Rachel Dretzin (director/producer) wrote and co-produced The Merchants of Cool, a PBS Frontline report on the influence of advertising on teens and popular culture. Douglas Rushkoff (writer/correspondent) has written several books on new media and advertising, including Cyberia, Media Virus, and Coercion: Why We Listen to What "They" Say. He was the correspondent for Frontline's The Merchants of Cool.

Discussion questions
In segment five of the program, Republican pollster Frank Luntz says that "80 percent of our life is emotion, and only 20 percent is intellect. I am much more interested in how you feel than how you think. I can change how you think, but how you feel is something deeper and stronger." Do you agree with him? What do you think about appealing to emotion (versus reason) in political campaigns? What are the possible ramifications of this approach?

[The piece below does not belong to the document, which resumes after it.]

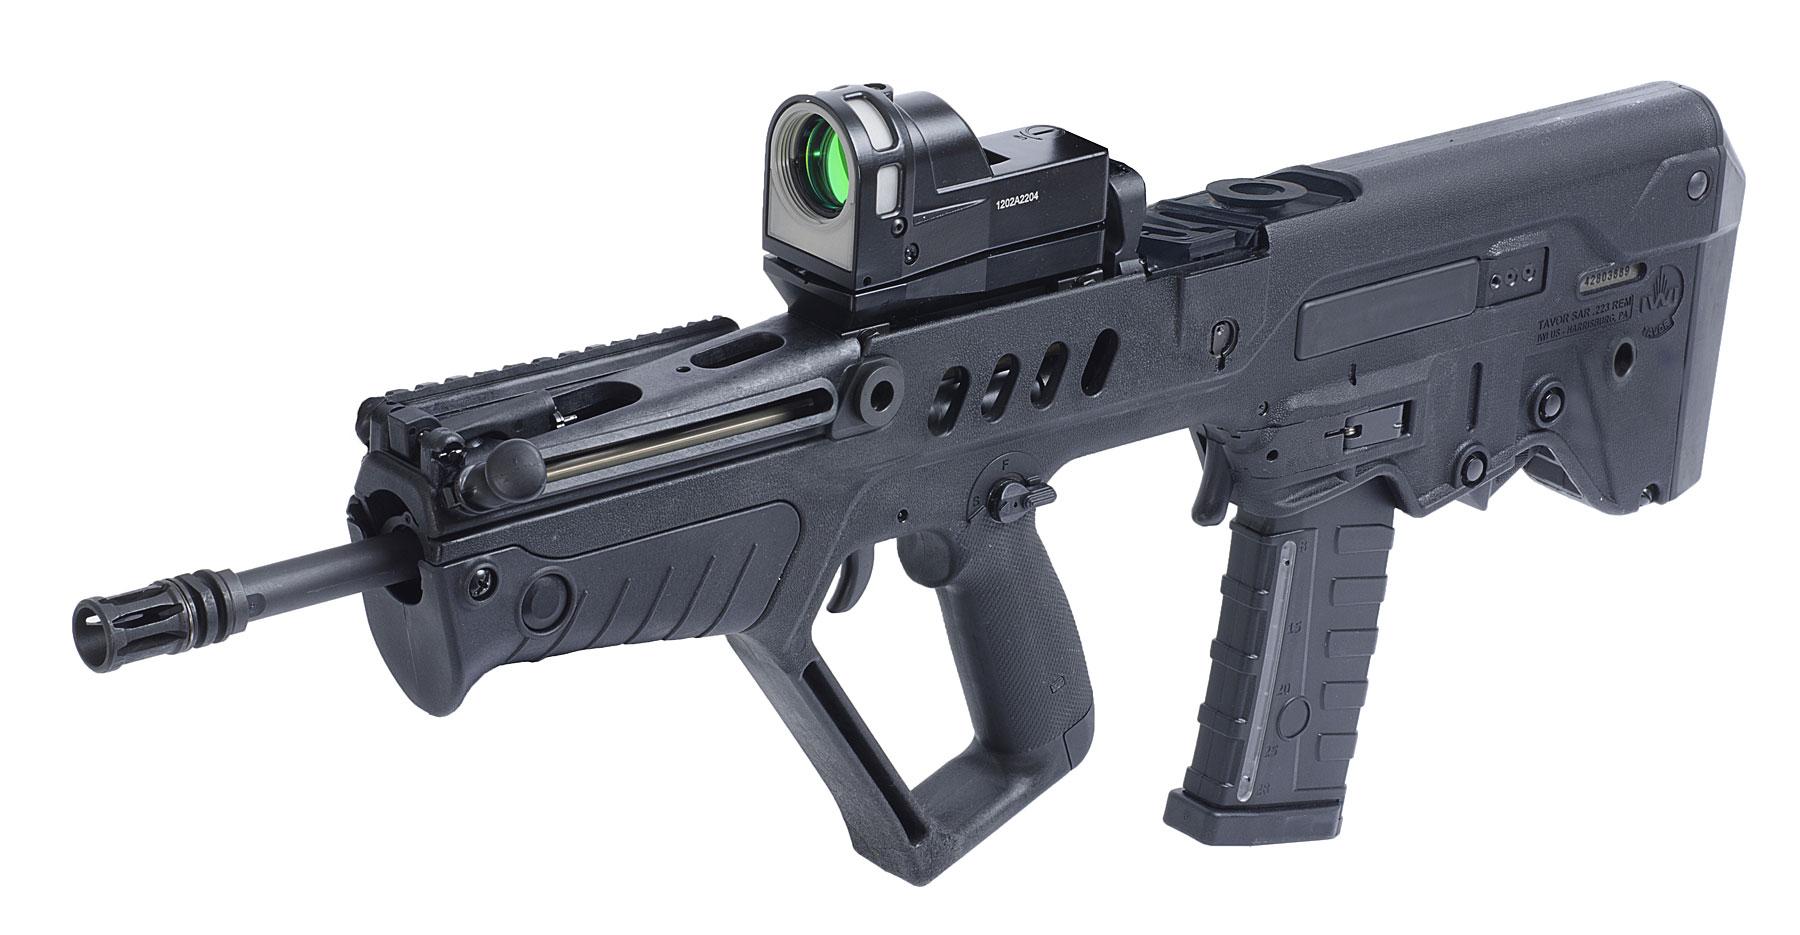 assult rifles Image name mode attachments magazine size damage range (head) damage range (body) damage range (limbs) m4a1 single& auto 5 30 46-102 18-41 20 ar15 single& auto 4 30 46-102 18-41 20 akm single&amp auto 3 30 67-148 25-55 27 m14ebr single&amp 3-round burst 3 30 46-102 18-41 20 file:an-94png an-94.

Do you think that the two presidential candidates played on our emotions in the last election? If so, how successful were they in appealing to you?

What do you think of changing the term "global warming" to "climate change"? How does the language used shape the way you feel about the issue? What environmental issues would you like to give a new label?

Do you think Luntz is, as he claims, facilitating communication between the public and politicians? Why or why not?

What are some possible effects of voter profiling on democracy? What effect could it have on the great red state/blue state divide?

How did you feel about the end of the report (segment six)? Do you think that consumers and citizens are indeed empowered by the attention they get from advertisers and politicians? Do you feel empowered as a consumer/citizen?